En favorisant l’émergence de comportements innovants au cours des simulations (JdR) et en stimulant l’imagination des joueurs dans l’élaboration de stratégies de gestion (SMA), ces approches constituent de puissants outils d’aide à la réflexion et à la décision. Ils offrent de plus l’opportunité à chacun de mieux connaître les activités et les contraintes de l’autre, et en ce sens facilitent un aspect crucial de toute dynamique de concertation : le partage des représentations et des logiques d’acteurs (M. Etienne et C. le Page, 2002).

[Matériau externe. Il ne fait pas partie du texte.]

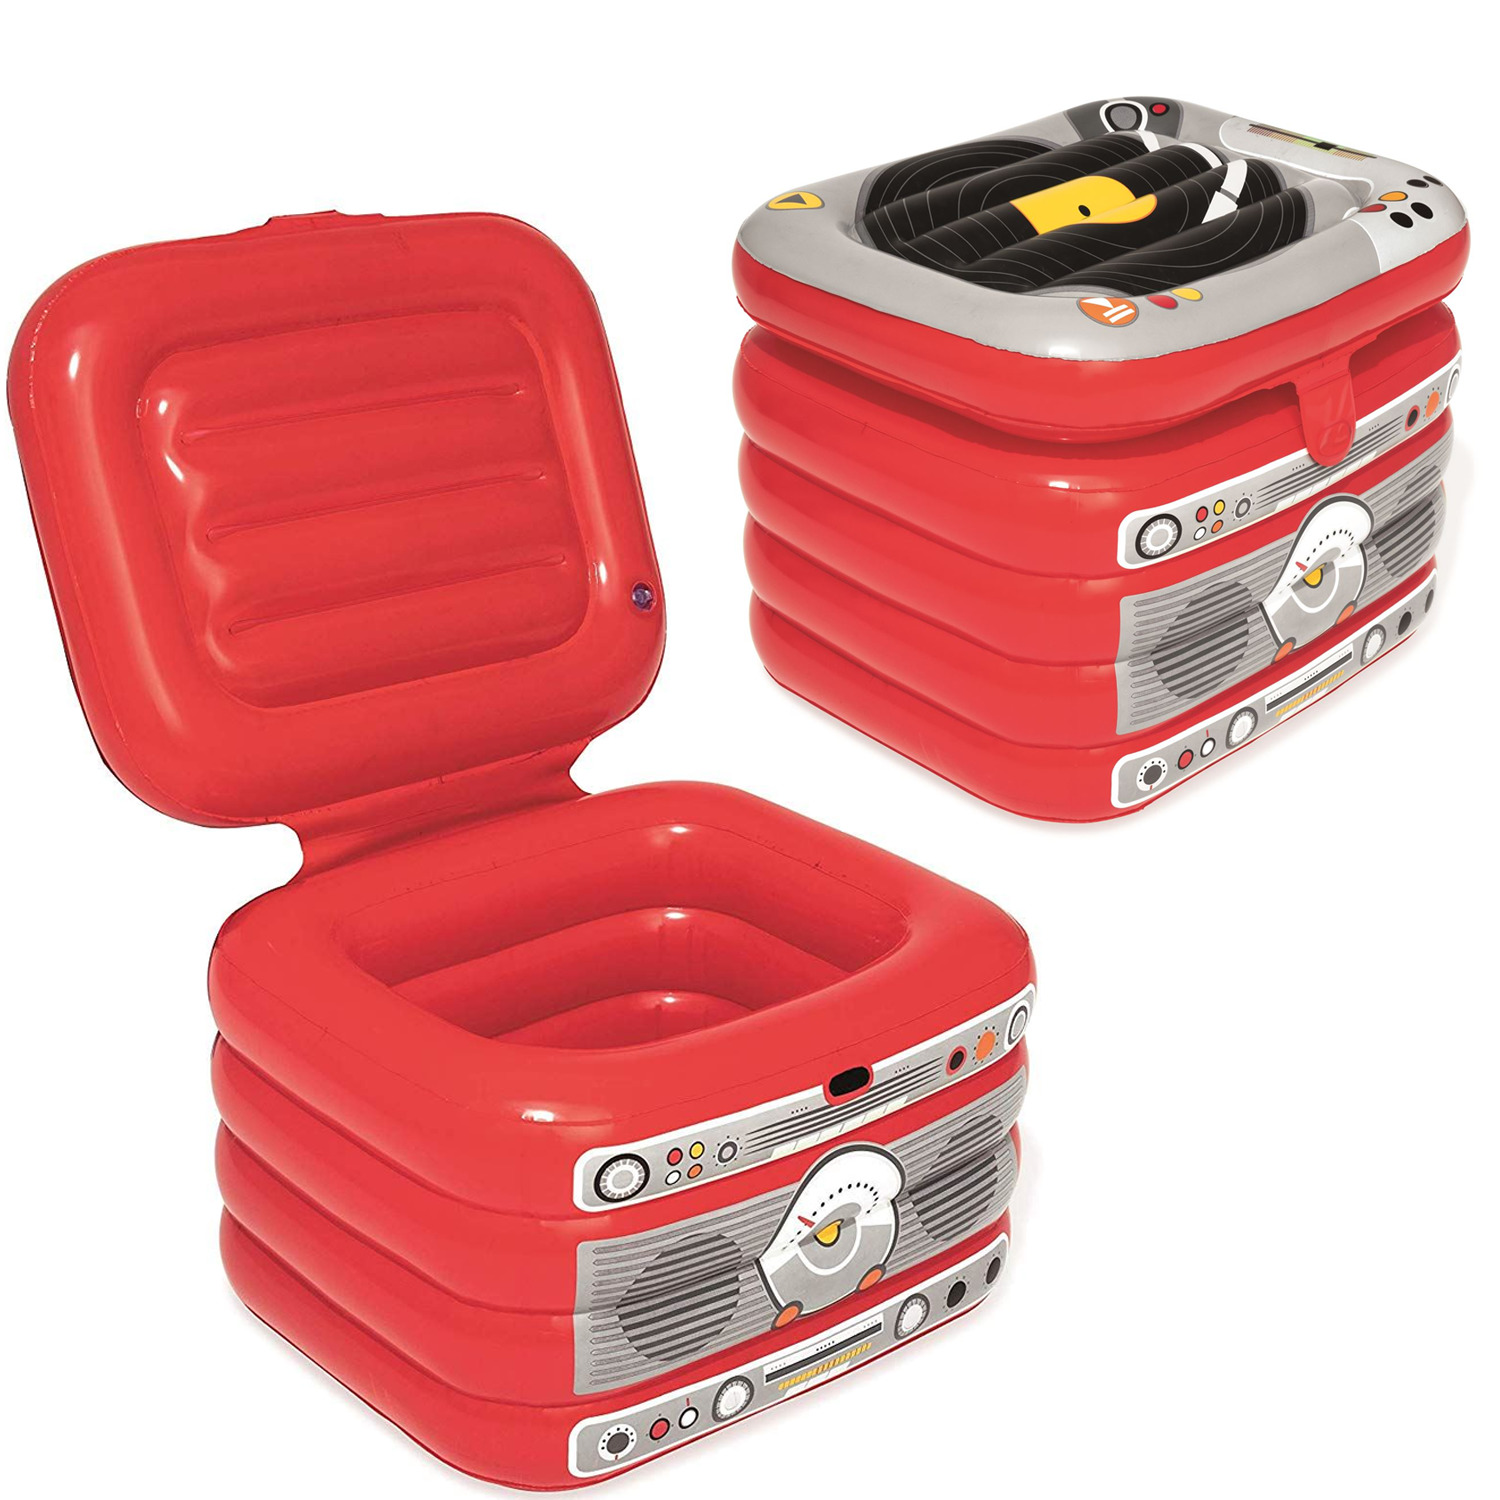 PACK OF 2 Inflatable Party Turntable Cooler Jukebox Beverage Storage Box Beach Pool Float Accessory - Red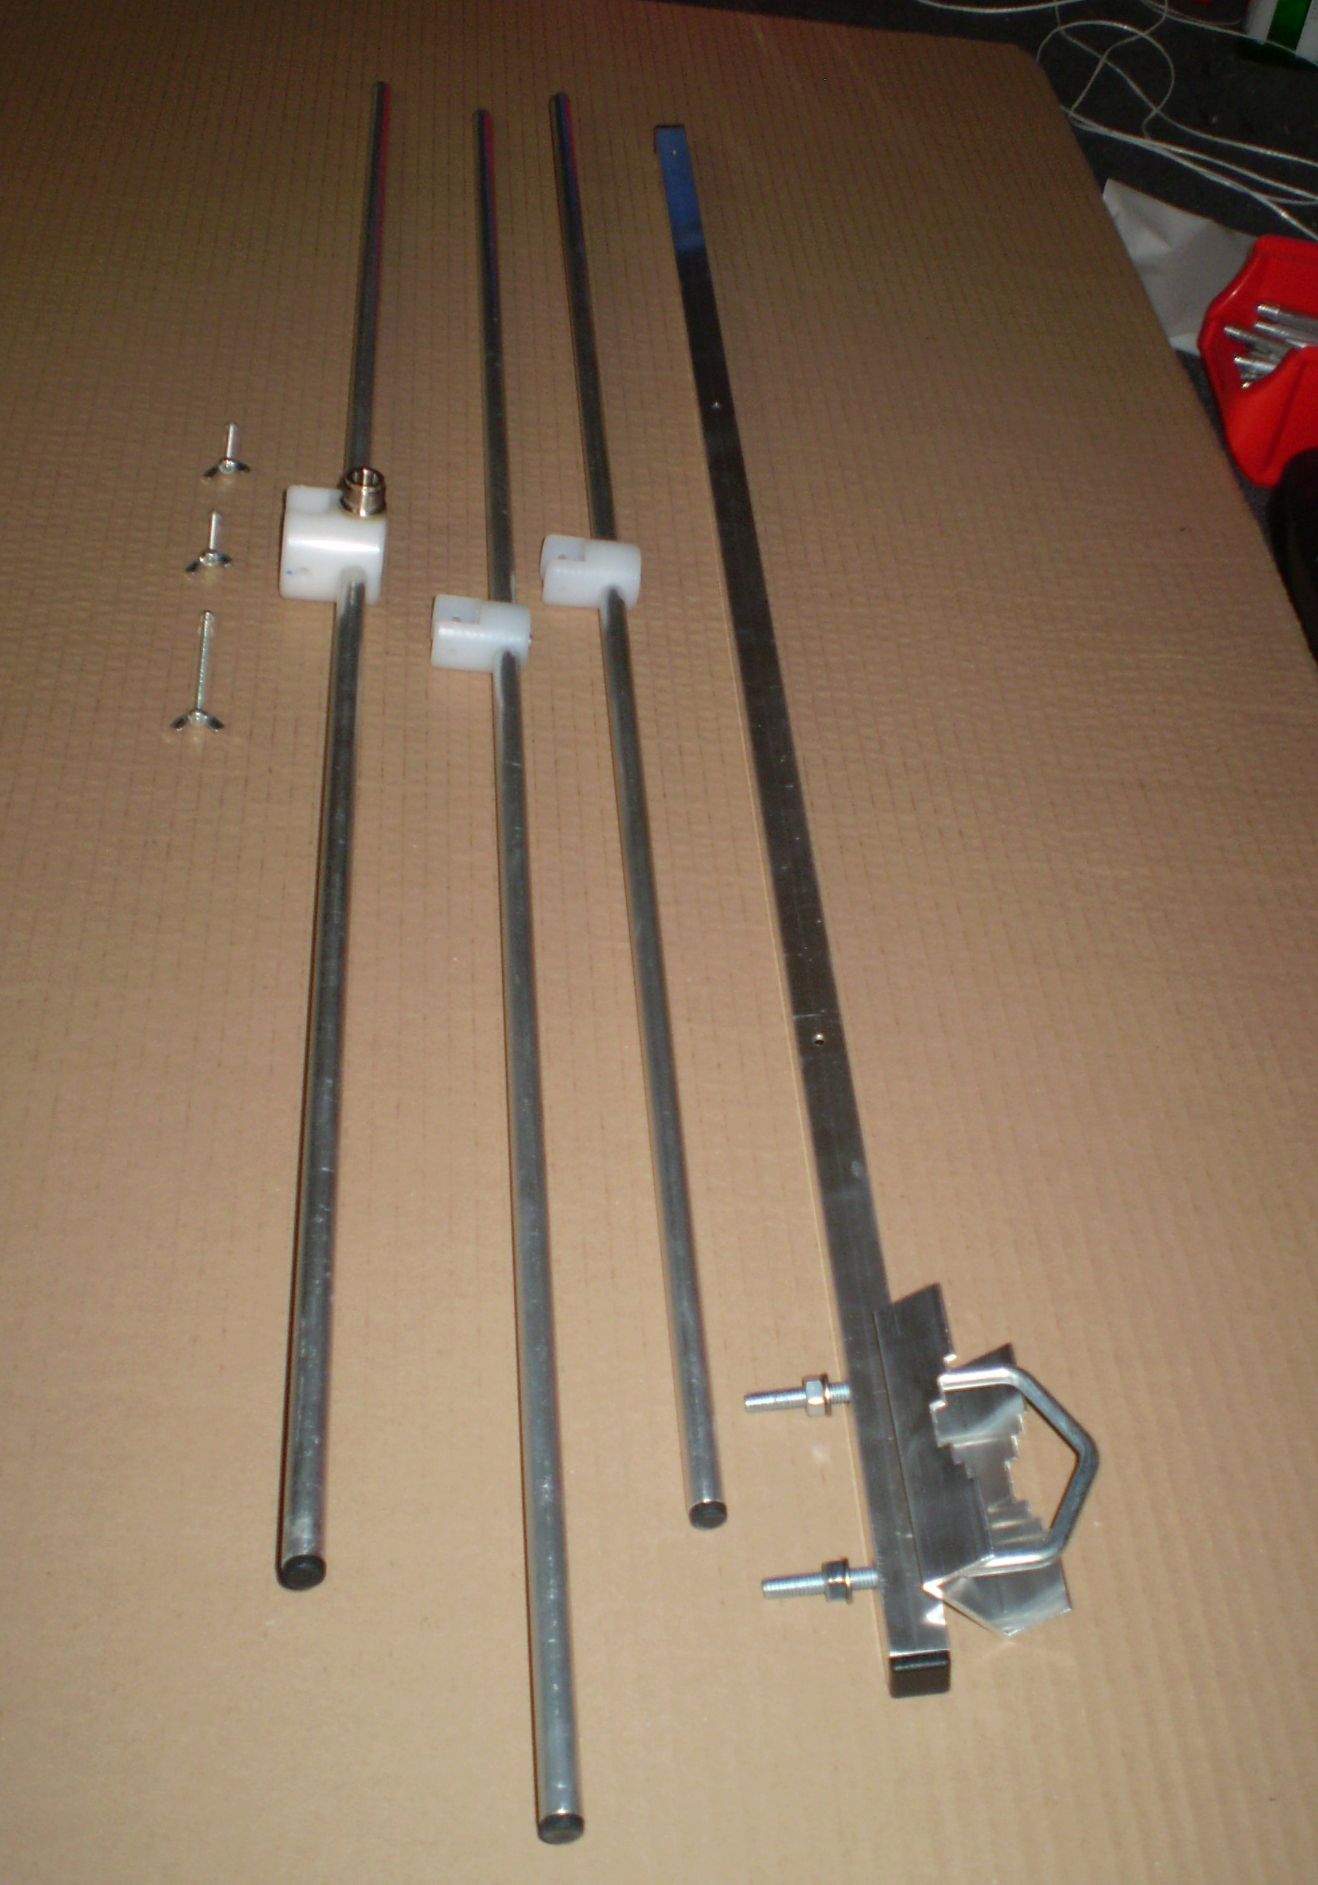 3 ELEMENT YAGI FOR VHF FREQUENCIES RX ONLY

Par ailleurs en proposant une analyse collective des effets potentiels des décisions d’action (individuelles et collectives) sur la dynamique du système, le recours au SMA favorise également la prise en compte réelle de la diversité des points de vue. Mais tout comme nous l’avons vu pour les JdR, l’utilisation du SMA pour structurer de manière efficace un processus de concertation impliquerait que toutes les parties prenantes puissent être simultanément impliquées dès le départ, et que l’équilibre entre participants au sein des échanges soit assuré par l’animateur, ce qui peut parfois poser problème.

77 Selon [P. d’Aquino et al., 2002] « les tests réalisés montrent que trois jours ont suffi pour obtenir l’apprentissage recherché, depuis la maîtrise de la carte papier jusqu’à la simulation croisant SMA et SIG. Le faible niveau d’instruction des participants (taux d’analphabétisme très important) n’a pas constitué un obstacle à l’usage de telles simulations informatiques. Grâce à la phase de conception et au test du jeu qui a suivi, ils sont devenus tout à fait capables d’interpréter les résultats des modèles et ont parfaitement intégré la distance entre les modèles et la réalité ».